Published Monthly



Father
by Jonathan Wolf

I’m sitting in the corner of the ring watching him watching me. He’s standing, arms resting on the ropes, glaring. His left eye is swollen, and there’s a small trickle of blood on his mouth. He licks it away and sneers.

“Ready to give up?” I ask.

“Not hardly.” He responds.

He’s forty-one years old. Over the hill. Done. He’s large, but flabby like an aged boxer should look.

I’m twenty-five, in the prime of my life. I am the heavy-

No.

-I was the heavy weight champion of the world till I was knocked out.

I’m winded and tired, and he looks stronger than ever. It’s the fourth round.

“I’m not holding back old man. Better quit while you’re ahead.” It’s supposed to sound like intimidation. Instead it sounds like a plea.

“All talk.” The old man says. He knocks himself on the forehead, and marches forward. “Come on and get your lesson.” I spit, and go to meet him, not thinking about what I should be thinking about.

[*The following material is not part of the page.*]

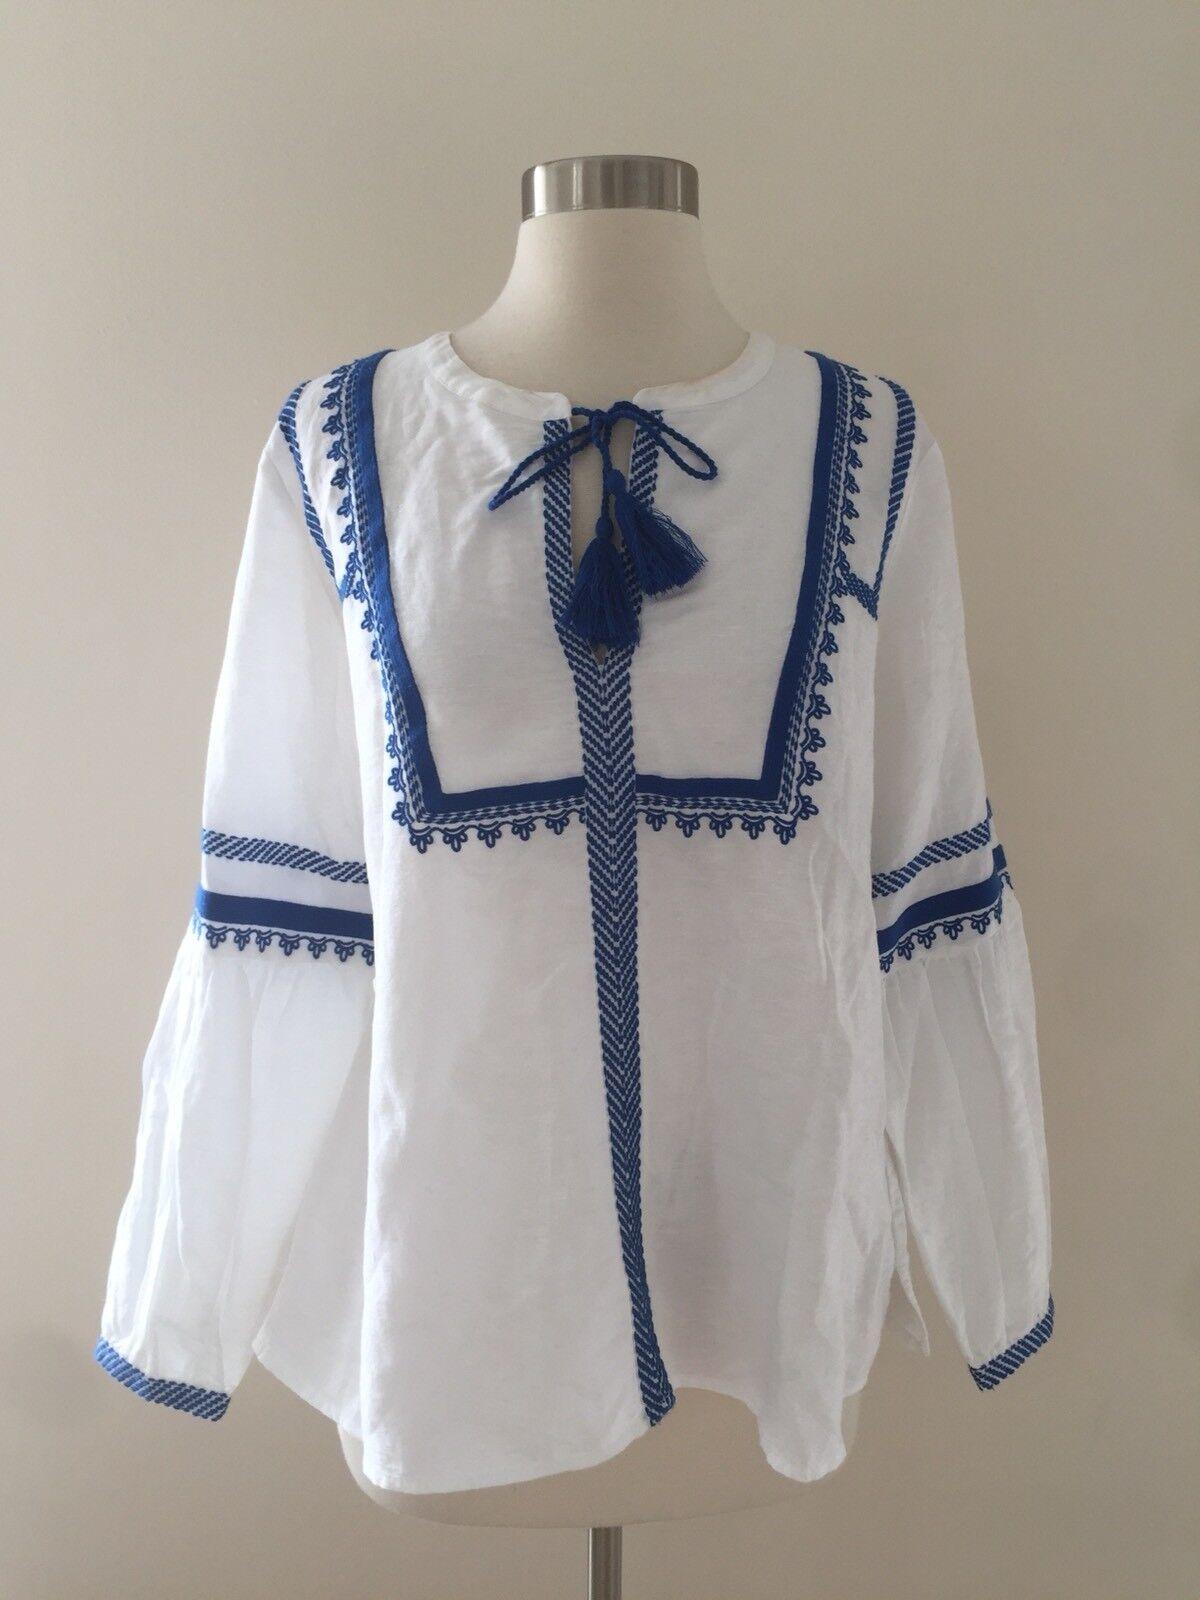 J.Crew Embroiderot linen-cotton top Blouse Weiß Blau Sz 12 G5461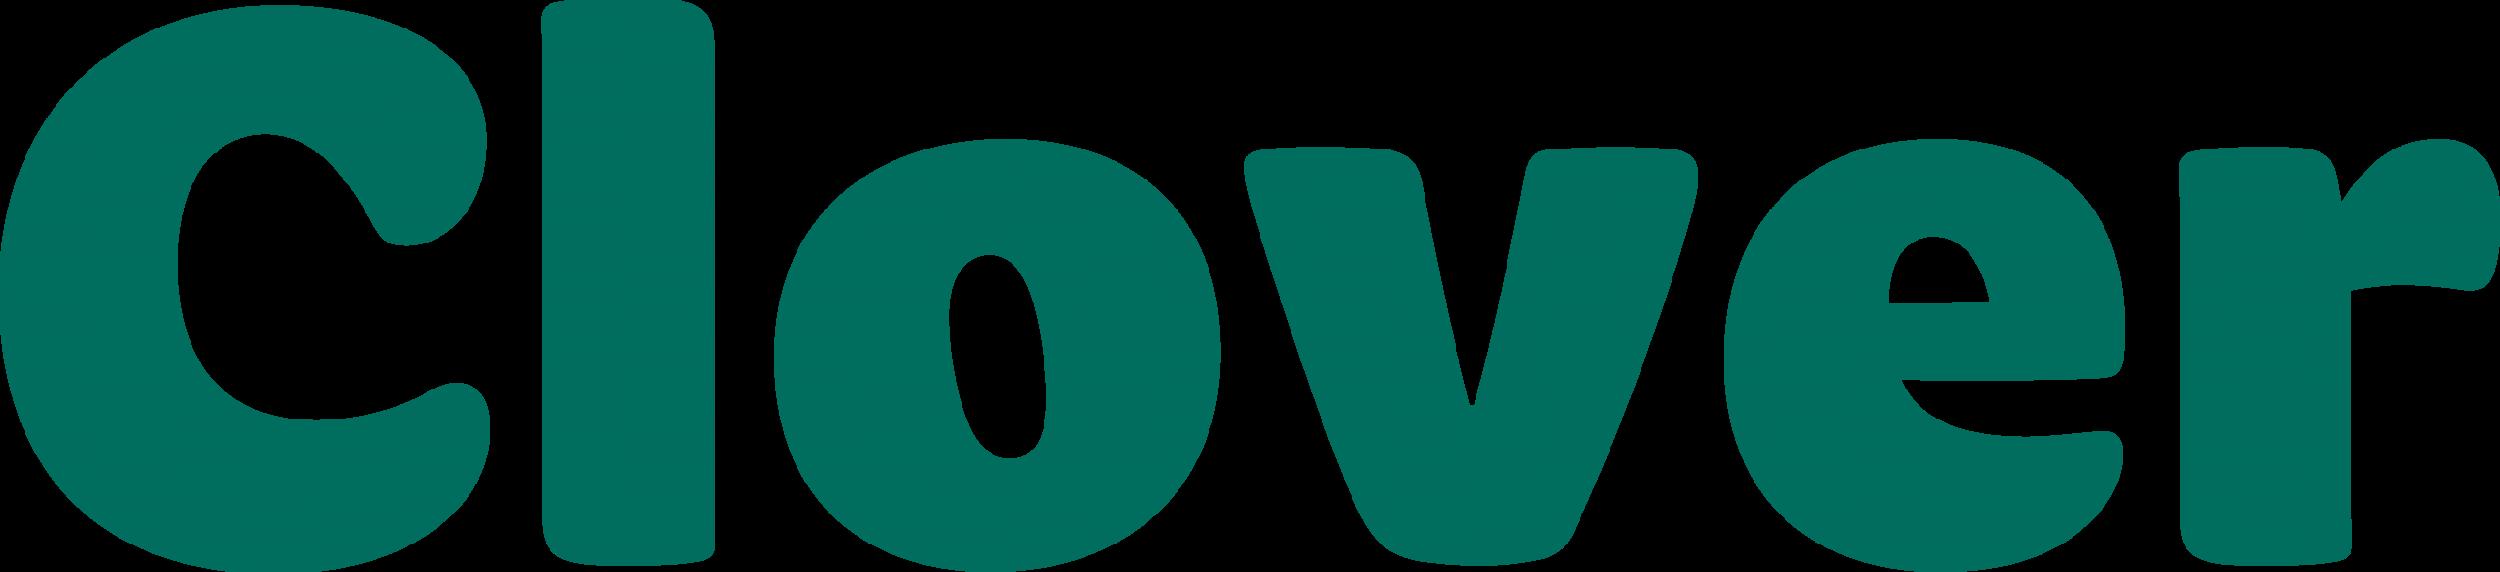 Clover_Logo_Green_RGB_Large.png

We square up in the center of the ring, arms length plus a half away from each other. He’s fast, as quick as death, and he balances on his feet like a kitten. He’s dancing around me searching for a way into my center. I’m closed up, defending my body. He’s sealed the gap and jabs a bit, playfully trying to lure me in. Then he starts talking.

“So this is the Thunderstorm huh? Looks like a spring shower to me.”

“Shut up.”

“I thought you were a boxer. You’re a freaking pugilist.”

“Screw you.”

“Is that how you talk to your father?”

“You ain’t my father!” I throw some hard jabs into his ribs. One connects, and I enjoy the loud sucking noise he makes, then I move into the head with hooks, but he ducks around them, and counters with a hook to my chin. I stumble back.

“That’s more like it boy. How’d that feel?”

I regain my balance, and spit. A glistening insipid flies out like a ruby.

“Lucky shot.” I mumble.

“You have fear in your blood son.”

I throw an angry hook towards his mouth, and it glances off the top of his head. Then he starts raining blows on me like I used to do to opponents years ago. He’s hurting me so I clinch.

“Stop hugging me boy!” He gasps. He throws me away, and I stumble to the mat.

“I thought you were a boxer!” The bell rings, and he walks back to the corner. He picks up a squeeze bottle of water, and squirts some in his mouth. “Get up.” Slowly, I make it to my feet and, on wobbling legs, make it over to my corner. I don’t even want to look at him I’m so ashamed; yet I know that I have no reason to feel ashamed.

“I know there are a lot of things in my blood but I didn’t think that coward was one of them.”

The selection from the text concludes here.